While the shepherds of the flock were waiting to see from what direction the “ wind of history ” would blow, or more precisely what direction the tyranny of power would take, priests and religious had no qualms about contributing effective help to revolution and to guarantee it spiritually.

WARPED, BUT CHERISHED BY THE EPISCOPATE

Bernard Boudouresque, a priest from the Mission of France who was on temporary assignment to the Atomic Energy Commission of Saclay, where he militated in favour of pacifism and against torture in Algeria, was arrested on October 14, 1958, for having harboured terrorists in transit to Paris. Cardinal Liénart, Prelate of the Mission of France and President of the Assembly of the Cardinals and Archbishops of France, visited him in prison to express to him his support. Boudouresque was released in February 1959, and his trial never took place.

When the Prado affair broke out during the same month of October 1958, it implicated two Fathers from the Prado and a priest from the diocese of Lyon, Fr. Carteron. They were accused of having supplied the FLN with hiding places; Cardinal Gerlier, Archbishop of Lyon, hastened to shield the three priests.
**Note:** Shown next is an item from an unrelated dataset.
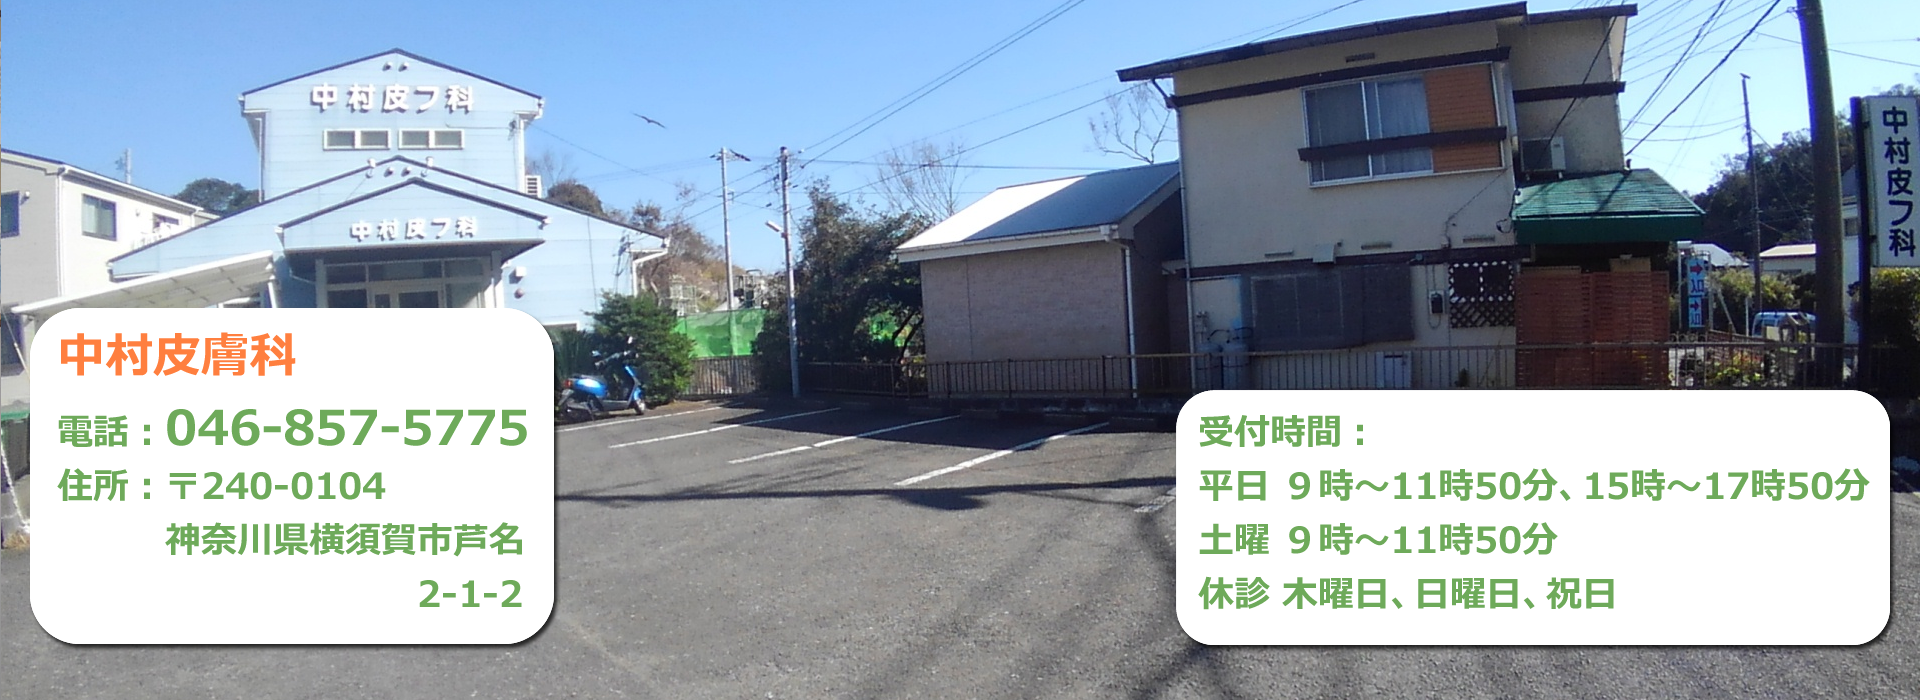 JR逗子駅よりバスで25分、バス停「佐島入り口」より徒歩3分
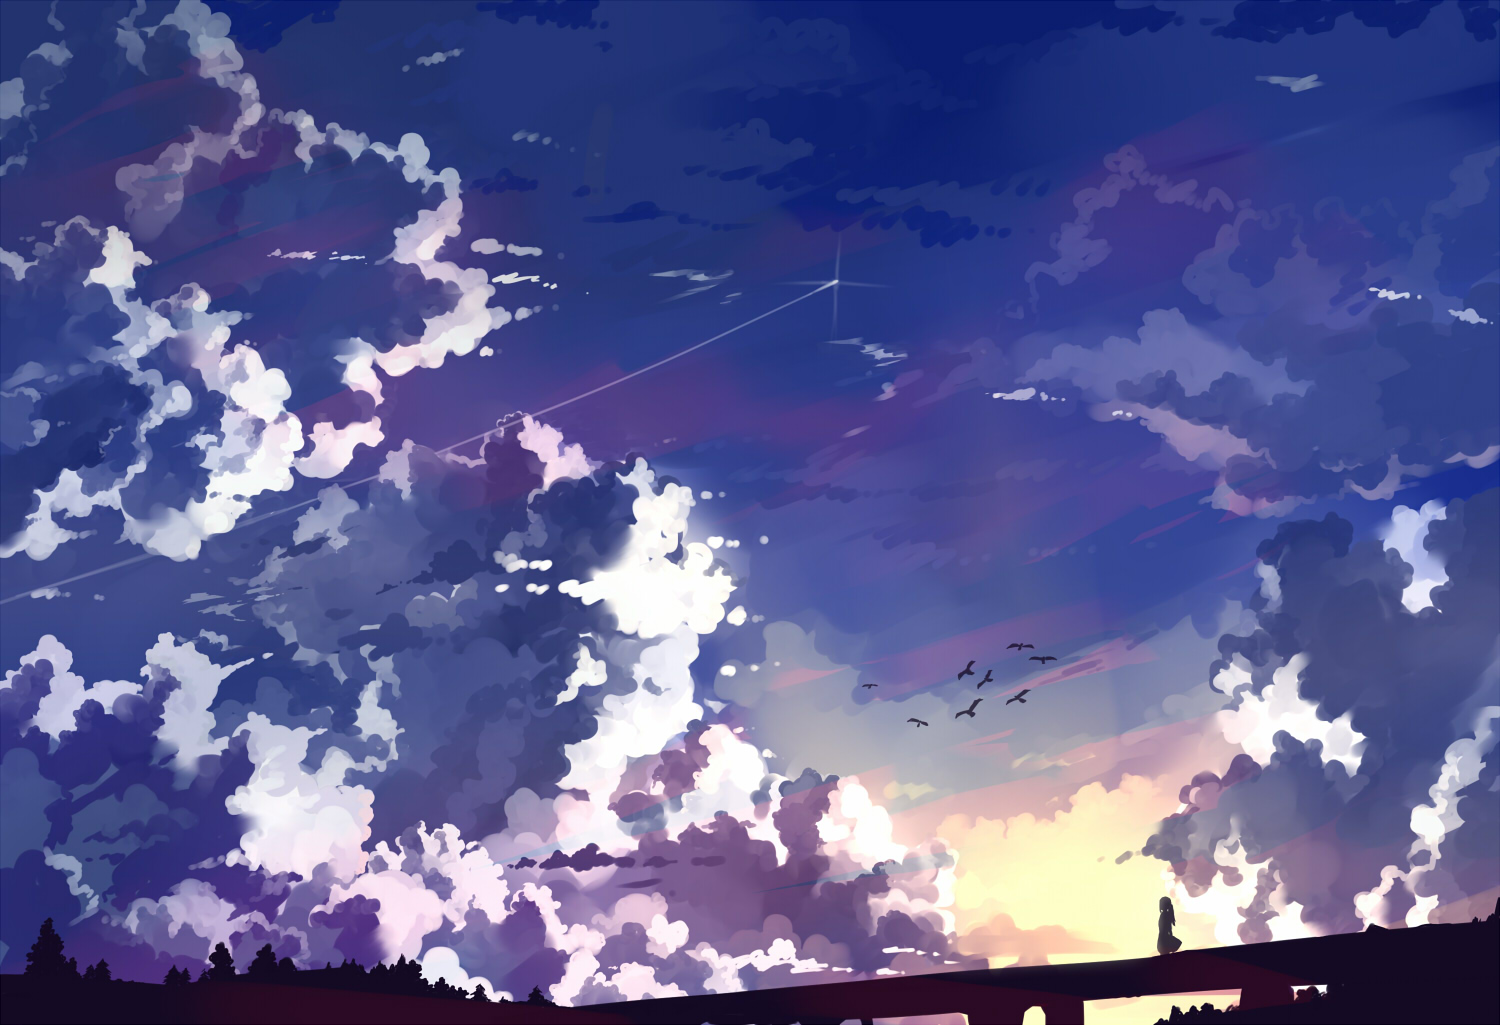 1 二次風景画像 40枚 青空 夕方 夜空 曇空 雨空 イラスト 壁紙 風景と少女による可能世界

Priests from the Mission of France joined the Jeanson network of aid to the FLN. One of them testified : « Our aid consisted in being suitcase carriers to put money (the more or less voluntary [sic !] contributions made by Algerians in France) in a safe place. I have personally carried suitcases two or three times to the house of a lawyer friend who lived in the XIIIth district, a member of Vie Nouvelle. One day, Gisèle Halimi needed a cassock and a driver : it was a question of going to pick up an important member of the FLN who had succeeded in escaping from the Fresnes prison, of disguising him as a priest [sic !] and driving him by car to another hiding place. This was necessary because it made it easier to get through roadblocks and avoided possible car searches that were common in Paris. » (quoted by Chapeu, p. 199)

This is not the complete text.